Riley tilted his head and listened. The beat of rotor blades sounded off to the east. He checked the surveillance notes. Pretty close. Yesterday it had come at 0300Z. Within an hour wasn't bad. The next time the Chinese helicopter came they'd be long gone.
Trapp had called at ten from the pickup zone and they'd briefly confirmed the message and the updated plan.
The mood was growing more tense at the rally point. Riley could feel it. Adrenaline was starting to flow. Hoffman and Smith were starting final preparation of the charges. Everyone was checking his weapons and cleaning them. Reloading magazines to make sure every round was properly seated. Repacking rucksacks and tying everything down. Hoffman and Smitty had run six lines of rope from rocks on the ground up to a nearby tree and were practicing placing their charges.

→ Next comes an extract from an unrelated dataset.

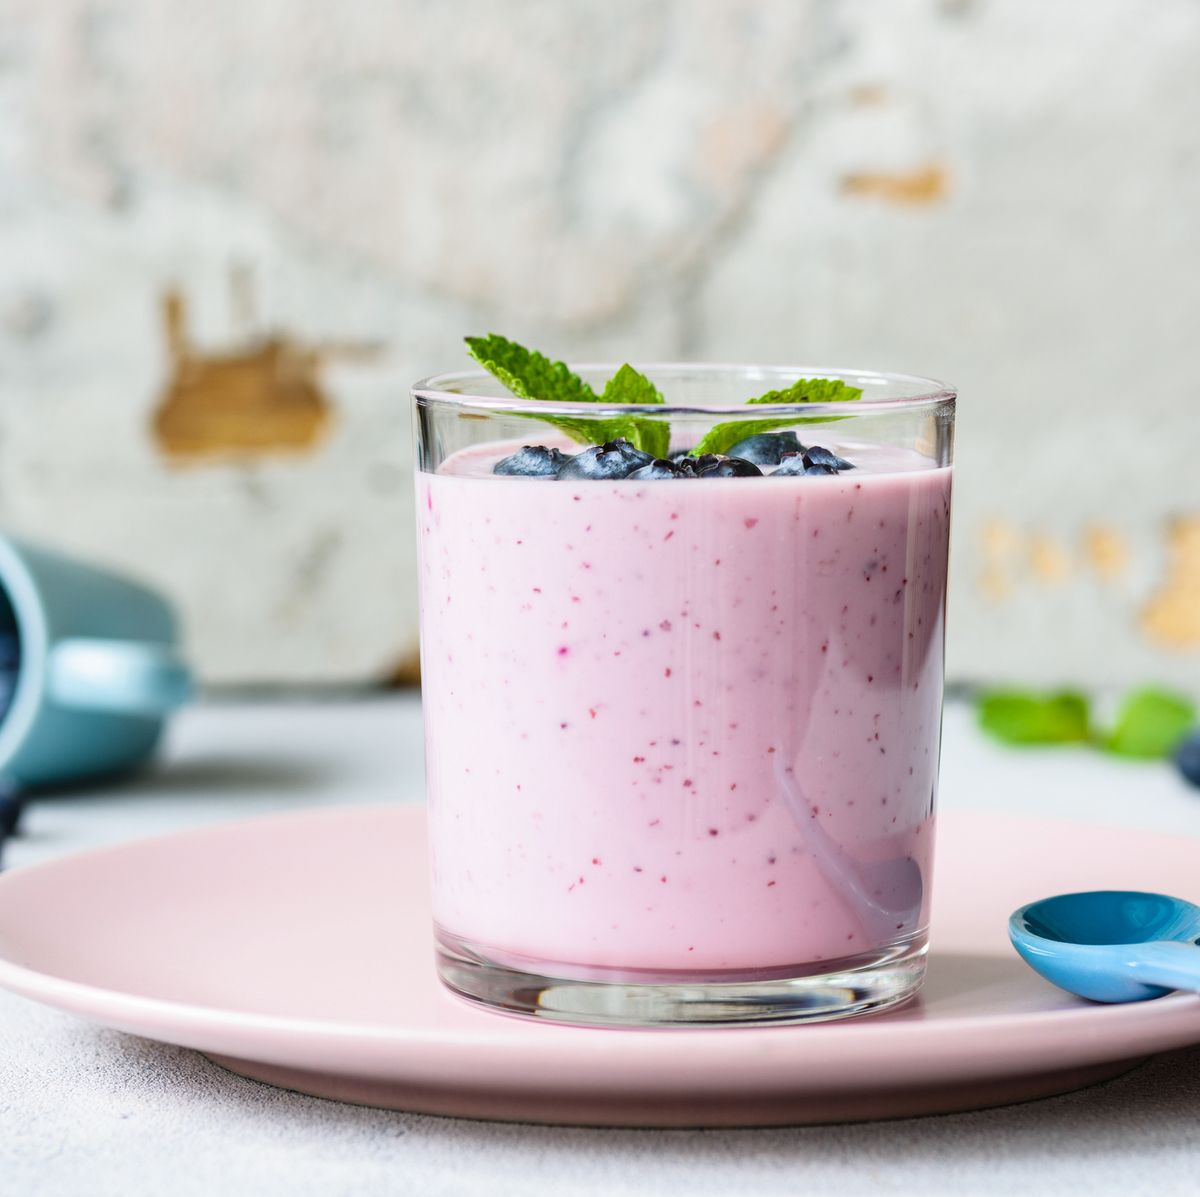 40 Best Healthy Smoothie Recipes For Weight Loss, From Dietitians

In isolation, Hoffman had come up with a simple device to speed up the emplacement process. Each charge was taped to a piece of rubber from an inner tube. The rubber was wrapped around the wire, holding the charge tight against the cable, and then fastened there by hooking the end of the rubber on a nail embedded in the plastique charge itself. It took less than three seconds per cable to attach the charges.
Riley reread the security notes and discussed them with Mitchell. Together, they decided on two slight modifications of the tactical plan. They'd have Hoffman and Smith blow the hole in the fence on the east side of the compound instead of the north. It appeared that the T-field fence system wasn't working over there. Every little bit of advantage would be needed. Additionally, they would not have to use the line charge to blow a path to the berm, because the landing of the helicopter inside the compound had confirmed that the ground was not mined.
Riley just hoped they'd receive the final go. He hated to think of the effect a no-go would have on the team.